(Given material):
----

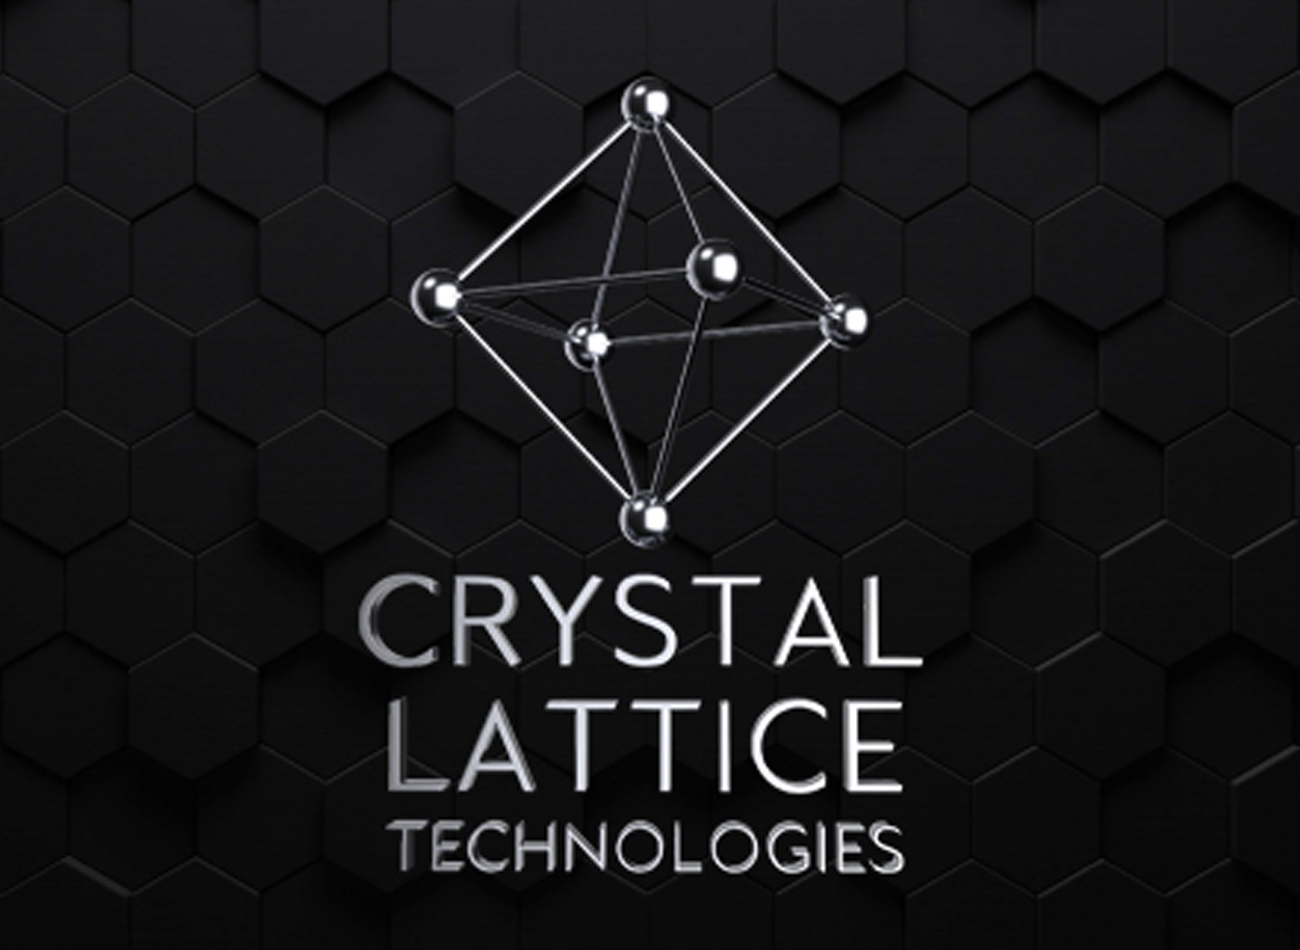 crystal-lattice-Logo-Case-Study-Corporate-Identity-Agent-Orange-Design-Thumbnail.jpg
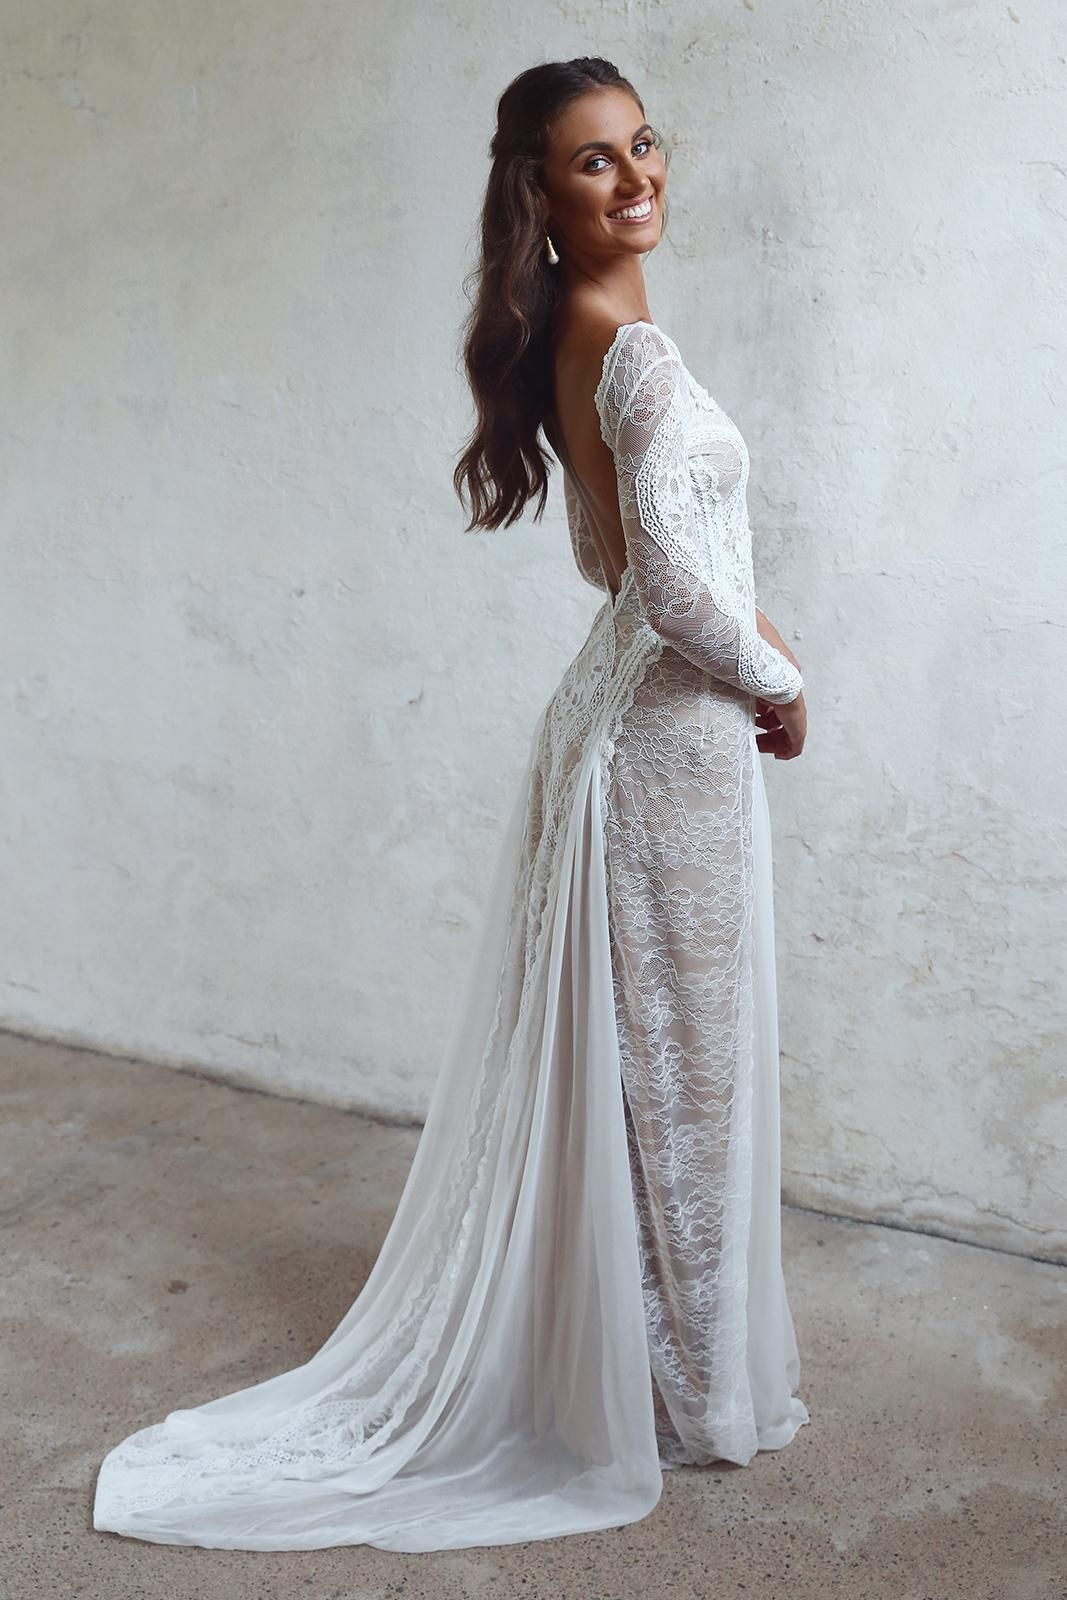 Inca Gown Low Back Wedding Dress Grace Loves Lace Bridal Dresses Lace Lace Applique Wedding Dress Wedding Dresses Lace
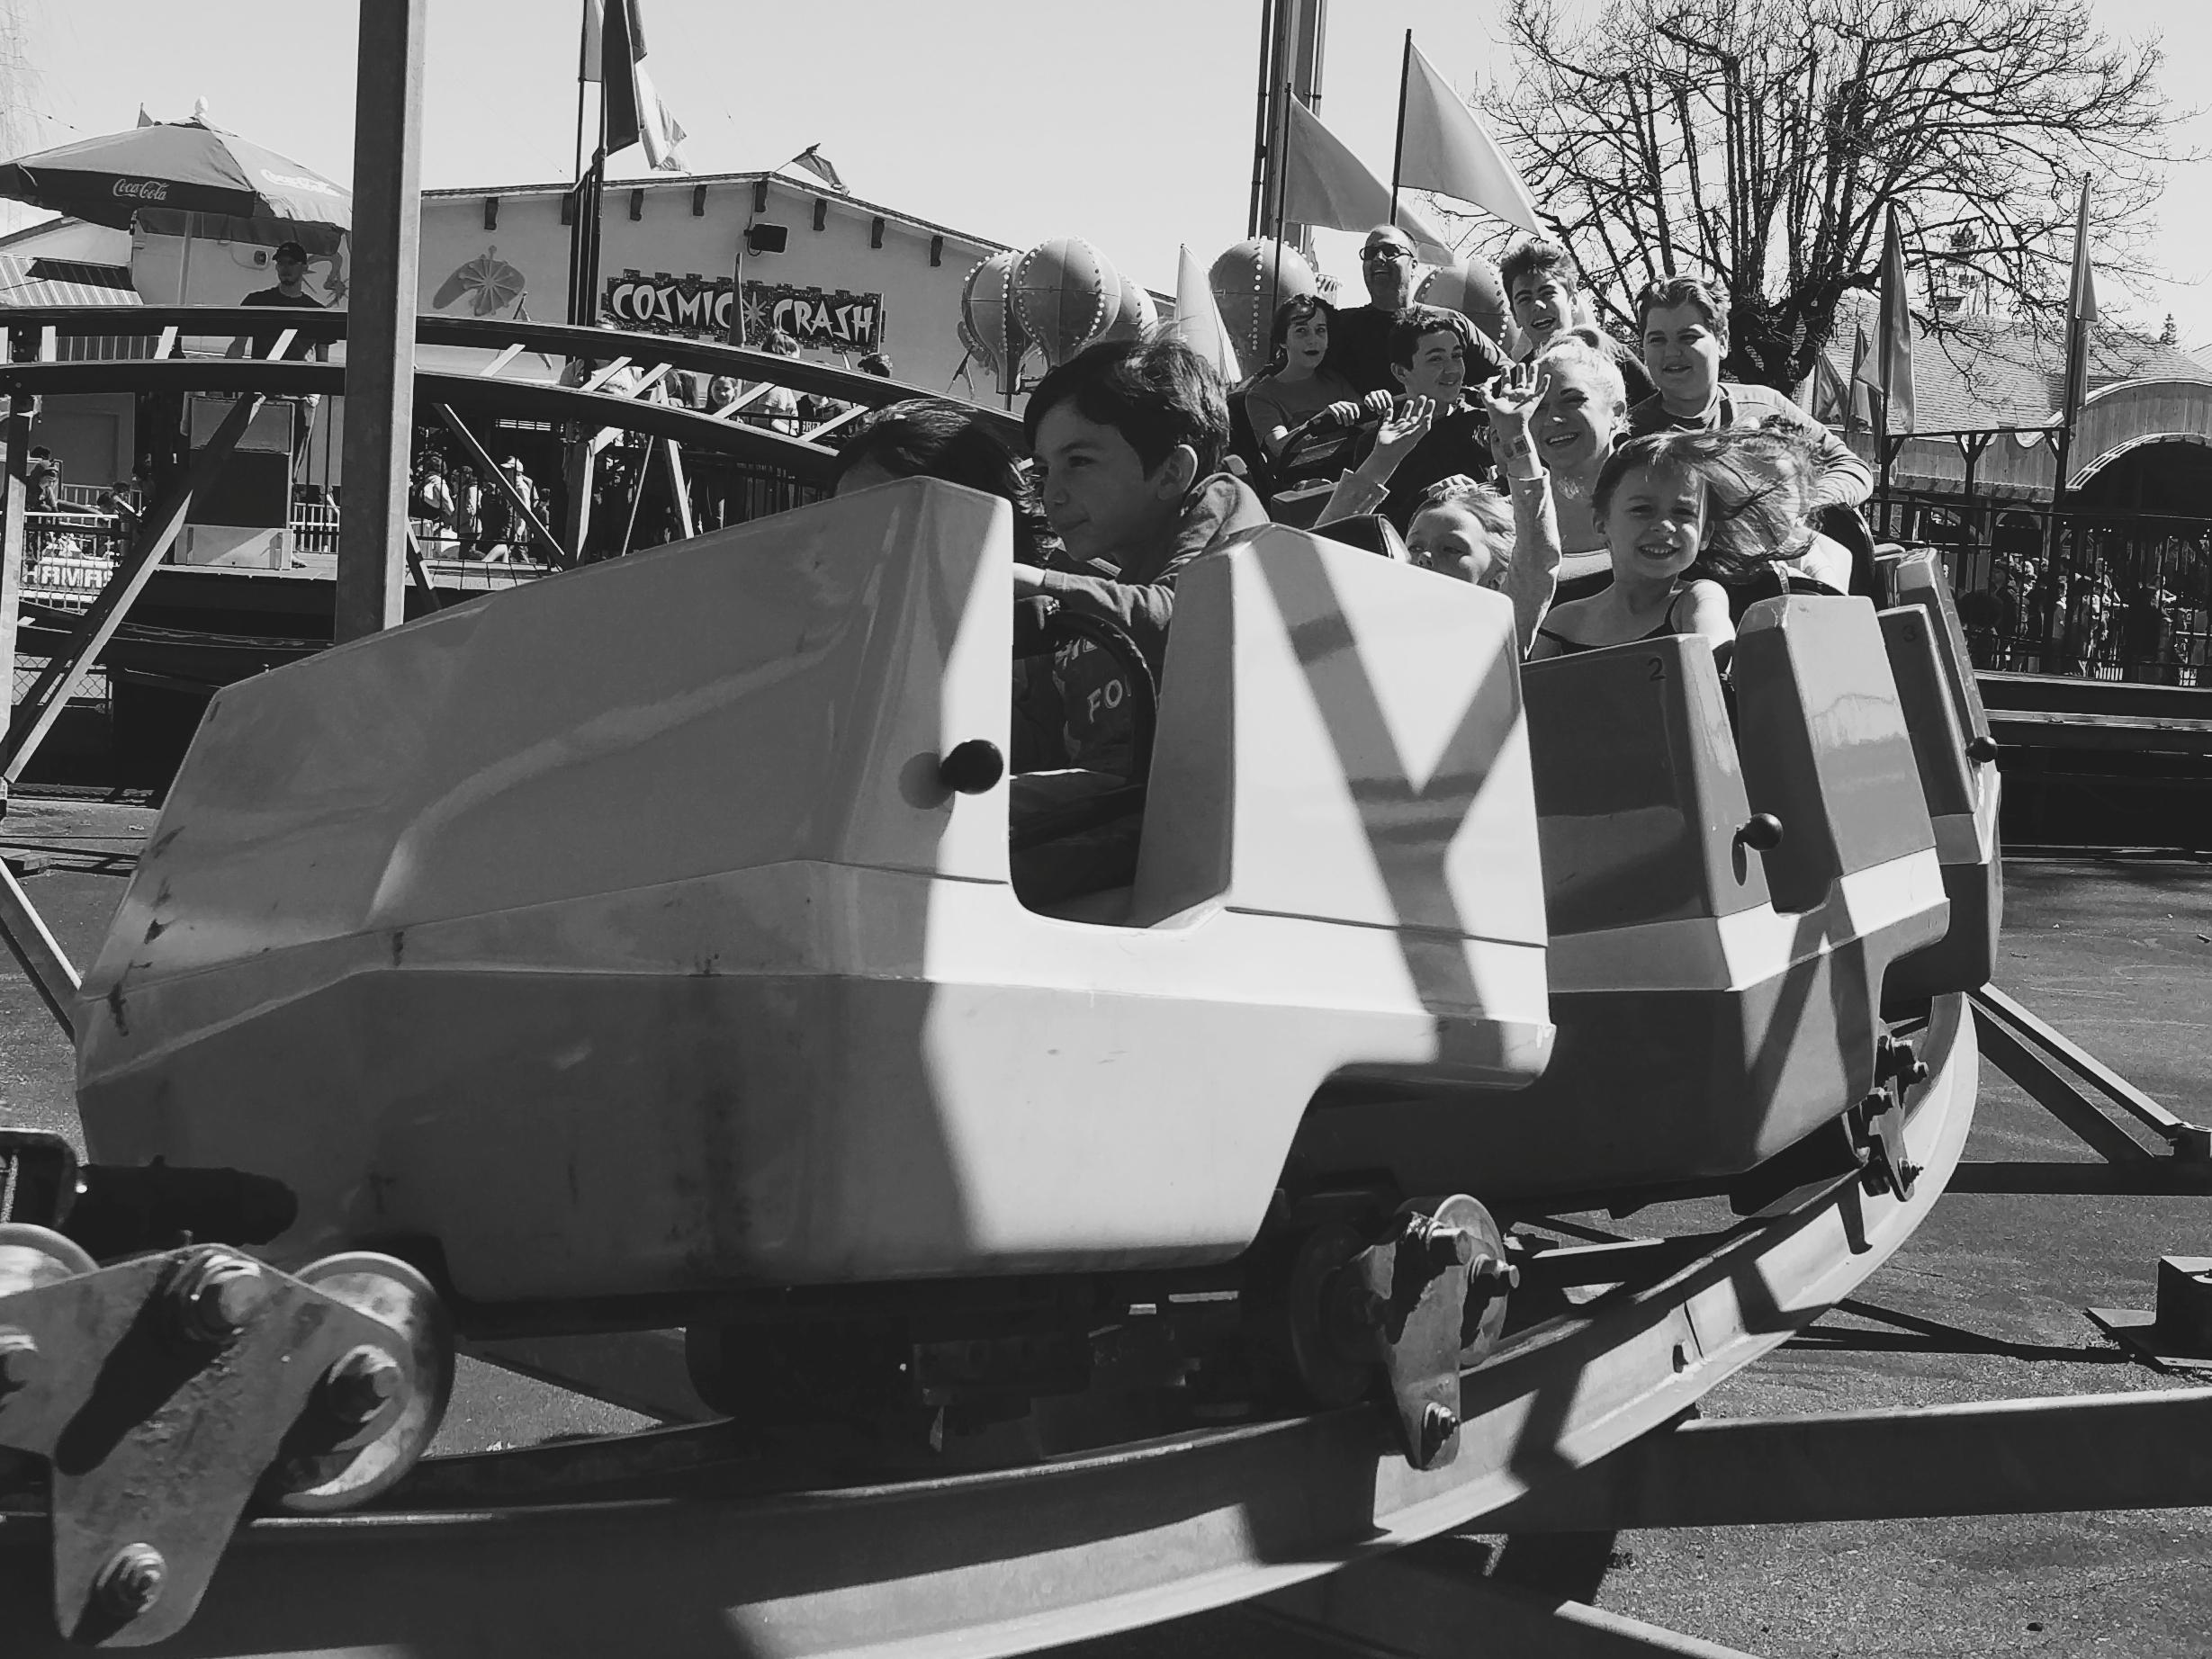 king-roller-coaster-2019.jpg

----

(About this task):
Return all of the material exactly, without pictures.

(Expected output):
 crystal-lattice-Logo-Case-Study-Corporate-Identity-Agent-Orange-Design-Thumbnail.jpg
 Inca Gown Low Back Wedding Dress Grace Loves Lace Bridal Dresses Lace Lace Applique Wedding Dress Wedding Dresses Lace
 king-roller-coaster-2019.jpg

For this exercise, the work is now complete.